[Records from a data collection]
+--

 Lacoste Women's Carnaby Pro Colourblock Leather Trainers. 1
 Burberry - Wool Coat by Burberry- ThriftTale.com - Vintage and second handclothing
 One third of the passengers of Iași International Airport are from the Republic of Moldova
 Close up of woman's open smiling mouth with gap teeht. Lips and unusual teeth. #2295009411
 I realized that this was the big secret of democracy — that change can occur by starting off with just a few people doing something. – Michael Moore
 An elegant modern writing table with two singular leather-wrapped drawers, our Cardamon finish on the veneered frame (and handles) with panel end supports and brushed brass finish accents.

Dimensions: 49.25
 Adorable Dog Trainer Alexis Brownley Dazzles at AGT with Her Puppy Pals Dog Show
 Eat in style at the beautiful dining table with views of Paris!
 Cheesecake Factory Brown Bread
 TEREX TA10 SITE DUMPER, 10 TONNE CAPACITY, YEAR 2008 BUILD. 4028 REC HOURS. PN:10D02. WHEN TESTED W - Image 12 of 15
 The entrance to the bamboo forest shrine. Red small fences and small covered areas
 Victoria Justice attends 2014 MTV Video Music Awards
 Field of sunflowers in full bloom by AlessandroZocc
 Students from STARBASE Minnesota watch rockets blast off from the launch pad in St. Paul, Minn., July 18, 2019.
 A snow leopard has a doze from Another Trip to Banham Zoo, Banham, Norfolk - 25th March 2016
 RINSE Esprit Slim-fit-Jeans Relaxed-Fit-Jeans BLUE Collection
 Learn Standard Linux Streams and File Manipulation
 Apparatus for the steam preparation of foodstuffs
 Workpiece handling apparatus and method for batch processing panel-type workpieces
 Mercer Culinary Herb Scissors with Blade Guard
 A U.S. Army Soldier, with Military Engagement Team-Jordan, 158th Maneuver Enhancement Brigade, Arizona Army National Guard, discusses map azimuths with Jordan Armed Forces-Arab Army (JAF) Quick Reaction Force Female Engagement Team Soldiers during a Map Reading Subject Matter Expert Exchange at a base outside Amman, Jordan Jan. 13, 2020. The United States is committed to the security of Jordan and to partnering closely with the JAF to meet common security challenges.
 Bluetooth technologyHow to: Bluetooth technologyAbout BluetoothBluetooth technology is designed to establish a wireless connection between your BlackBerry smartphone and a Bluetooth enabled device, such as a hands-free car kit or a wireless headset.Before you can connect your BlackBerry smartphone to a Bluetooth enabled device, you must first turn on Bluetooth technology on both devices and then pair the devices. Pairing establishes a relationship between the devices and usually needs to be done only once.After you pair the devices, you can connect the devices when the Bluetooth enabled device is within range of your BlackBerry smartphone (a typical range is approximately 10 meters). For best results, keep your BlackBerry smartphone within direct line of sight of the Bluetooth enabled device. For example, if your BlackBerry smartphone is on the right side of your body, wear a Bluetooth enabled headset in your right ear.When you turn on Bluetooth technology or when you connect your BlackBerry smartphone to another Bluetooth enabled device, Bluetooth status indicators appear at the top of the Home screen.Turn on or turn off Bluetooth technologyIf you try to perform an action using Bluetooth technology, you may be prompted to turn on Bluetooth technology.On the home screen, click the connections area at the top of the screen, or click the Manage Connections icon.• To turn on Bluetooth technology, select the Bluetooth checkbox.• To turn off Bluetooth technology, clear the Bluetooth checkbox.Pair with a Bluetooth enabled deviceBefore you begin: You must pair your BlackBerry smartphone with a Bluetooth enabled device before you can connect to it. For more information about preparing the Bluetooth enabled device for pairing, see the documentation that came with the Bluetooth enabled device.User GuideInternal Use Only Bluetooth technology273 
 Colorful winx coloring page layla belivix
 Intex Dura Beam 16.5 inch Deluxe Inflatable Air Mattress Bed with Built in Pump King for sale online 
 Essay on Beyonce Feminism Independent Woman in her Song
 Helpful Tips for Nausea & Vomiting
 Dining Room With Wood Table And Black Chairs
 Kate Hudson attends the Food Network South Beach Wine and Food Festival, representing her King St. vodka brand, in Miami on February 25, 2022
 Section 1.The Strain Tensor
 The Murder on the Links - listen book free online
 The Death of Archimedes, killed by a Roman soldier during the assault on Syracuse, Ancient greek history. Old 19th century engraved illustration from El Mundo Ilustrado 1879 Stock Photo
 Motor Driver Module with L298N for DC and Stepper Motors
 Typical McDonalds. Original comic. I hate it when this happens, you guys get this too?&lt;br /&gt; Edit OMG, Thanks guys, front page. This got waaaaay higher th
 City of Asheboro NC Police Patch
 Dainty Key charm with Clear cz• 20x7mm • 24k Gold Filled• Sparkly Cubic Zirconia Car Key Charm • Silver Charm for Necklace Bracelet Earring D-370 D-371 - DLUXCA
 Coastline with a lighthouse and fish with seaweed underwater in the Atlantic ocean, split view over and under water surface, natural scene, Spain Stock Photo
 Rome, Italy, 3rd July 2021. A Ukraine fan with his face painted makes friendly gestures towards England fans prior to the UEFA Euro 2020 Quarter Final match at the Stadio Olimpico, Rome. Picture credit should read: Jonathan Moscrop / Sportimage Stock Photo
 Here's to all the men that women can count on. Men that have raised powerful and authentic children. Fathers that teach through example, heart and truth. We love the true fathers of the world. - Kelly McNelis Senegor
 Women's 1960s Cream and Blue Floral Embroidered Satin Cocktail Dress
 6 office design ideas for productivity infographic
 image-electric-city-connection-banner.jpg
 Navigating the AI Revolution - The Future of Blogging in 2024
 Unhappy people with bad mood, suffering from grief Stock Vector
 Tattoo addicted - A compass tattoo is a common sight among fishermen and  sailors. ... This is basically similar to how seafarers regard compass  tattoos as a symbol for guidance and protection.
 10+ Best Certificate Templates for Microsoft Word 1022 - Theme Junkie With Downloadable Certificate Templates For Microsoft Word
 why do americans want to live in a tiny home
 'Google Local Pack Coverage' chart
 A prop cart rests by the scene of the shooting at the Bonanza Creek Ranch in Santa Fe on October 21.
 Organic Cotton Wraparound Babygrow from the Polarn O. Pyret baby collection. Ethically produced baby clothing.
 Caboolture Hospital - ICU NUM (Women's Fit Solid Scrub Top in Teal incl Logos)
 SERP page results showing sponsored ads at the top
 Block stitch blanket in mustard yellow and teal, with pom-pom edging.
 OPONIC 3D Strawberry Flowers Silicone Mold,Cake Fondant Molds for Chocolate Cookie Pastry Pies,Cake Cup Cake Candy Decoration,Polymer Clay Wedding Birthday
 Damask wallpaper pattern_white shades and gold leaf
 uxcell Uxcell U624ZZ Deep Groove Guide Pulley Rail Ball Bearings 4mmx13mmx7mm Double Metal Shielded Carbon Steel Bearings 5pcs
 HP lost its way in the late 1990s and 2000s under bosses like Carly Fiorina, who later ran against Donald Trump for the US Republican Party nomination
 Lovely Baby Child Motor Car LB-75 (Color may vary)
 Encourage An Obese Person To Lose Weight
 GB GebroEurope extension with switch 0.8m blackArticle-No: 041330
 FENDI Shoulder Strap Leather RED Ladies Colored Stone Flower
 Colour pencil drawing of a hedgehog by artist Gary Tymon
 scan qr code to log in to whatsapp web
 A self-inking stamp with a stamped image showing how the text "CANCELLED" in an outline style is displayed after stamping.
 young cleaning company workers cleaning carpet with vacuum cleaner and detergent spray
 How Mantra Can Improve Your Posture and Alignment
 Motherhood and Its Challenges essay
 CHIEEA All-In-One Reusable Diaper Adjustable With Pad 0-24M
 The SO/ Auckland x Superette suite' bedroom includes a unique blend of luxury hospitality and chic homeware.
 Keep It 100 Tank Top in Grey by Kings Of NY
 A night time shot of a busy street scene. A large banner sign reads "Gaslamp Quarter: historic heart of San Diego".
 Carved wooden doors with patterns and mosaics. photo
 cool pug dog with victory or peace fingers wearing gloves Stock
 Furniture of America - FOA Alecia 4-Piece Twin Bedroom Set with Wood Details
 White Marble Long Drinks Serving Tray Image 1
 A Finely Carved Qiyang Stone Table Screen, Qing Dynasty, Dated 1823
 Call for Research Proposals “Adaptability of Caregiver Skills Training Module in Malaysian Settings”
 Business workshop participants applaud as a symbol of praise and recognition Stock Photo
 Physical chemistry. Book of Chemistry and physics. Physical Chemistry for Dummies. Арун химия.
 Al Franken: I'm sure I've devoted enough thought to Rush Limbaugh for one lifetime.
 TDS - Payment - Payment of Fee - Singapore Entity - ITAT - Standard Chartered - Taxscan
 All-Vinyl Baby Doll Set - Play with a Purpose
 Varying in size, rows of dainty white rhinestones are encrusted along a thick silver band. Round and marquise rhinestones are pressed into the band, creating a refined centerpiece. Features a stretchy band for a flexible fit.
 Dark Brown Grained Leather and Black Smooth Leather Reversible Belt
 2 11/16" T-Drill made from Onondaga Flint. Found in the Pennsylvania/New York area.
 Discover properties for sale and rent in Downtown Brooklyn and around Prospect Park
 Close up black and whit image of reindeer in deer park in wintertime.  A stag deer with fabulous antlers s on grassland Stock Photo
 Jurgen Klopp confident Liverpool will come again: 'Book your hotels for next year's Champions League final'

+--

# Task objective:
Search the entries for the string "style". Copy every line that has it.

# Exercise solution:
 Eat in style at the beautiful dining table with views of Paris!
 A self-inking stamp with a stamped image showing how the text "CANCELLED" in an outline style is displayed after stamping.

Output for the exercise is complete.